Algebraic Adversarial Attacks on Explainability Models
- URL: http://arxiv.org/abs/2503.12683v1
- Date: Sun, 16 Mar 2025 22:55:02 GMT
- Title: Algebraic Adversarial Attacks on Explainability Models
- Authors: Lachlan Simpson, Federico Costanza, Kyle Millar, Adriel Cheng, Cheng-Chew Lim, Hong Gunn Chew,
- Abstract summary: Algebraic adversarial examples provide a mathematically tractable approach to adversarial examples.<n>We validate our approach on two well-known and one real-world dataset.
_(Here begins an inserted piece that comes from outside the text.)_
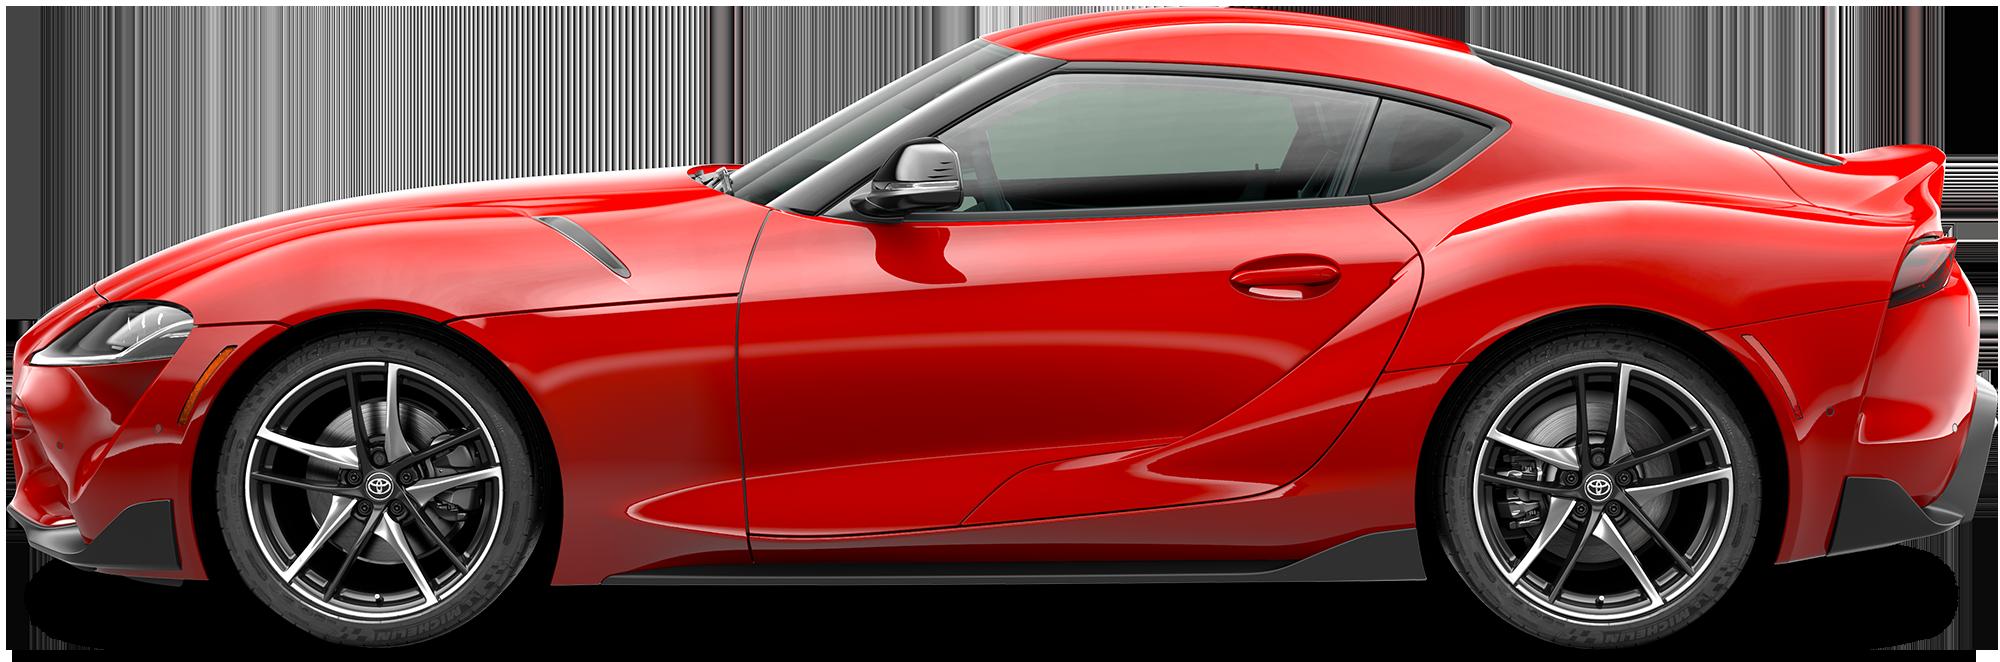 2020 Toyota Supra Coupe 3.0

- Score: 5.286919475372417
- License: http://creativecommons.org/licenses/by-nc-sa/4.0/
- Abstract: Classical adversarial attacks are phrased as a constrained optimisation problem. Despite the efficacy of a constrained optimisation approach to adversarial attacks, one cannot trace how an adversarial point was generated. In this work, we propose an algebraic approach to adversarial attacks and study the conditions under which one can generate adversarial examples for post-hoc explainability models. Phrasing neural networks in the framework of geometric deep learning, algebraic adversarial attacks are constructed through analysis of the symmetry groups of neural networks. Algebraic adversarial examples provide a mathematically tractable approach to adversarial examples. We validate our approach of algebraic adversarial examples on two well-known and one real-world dataset.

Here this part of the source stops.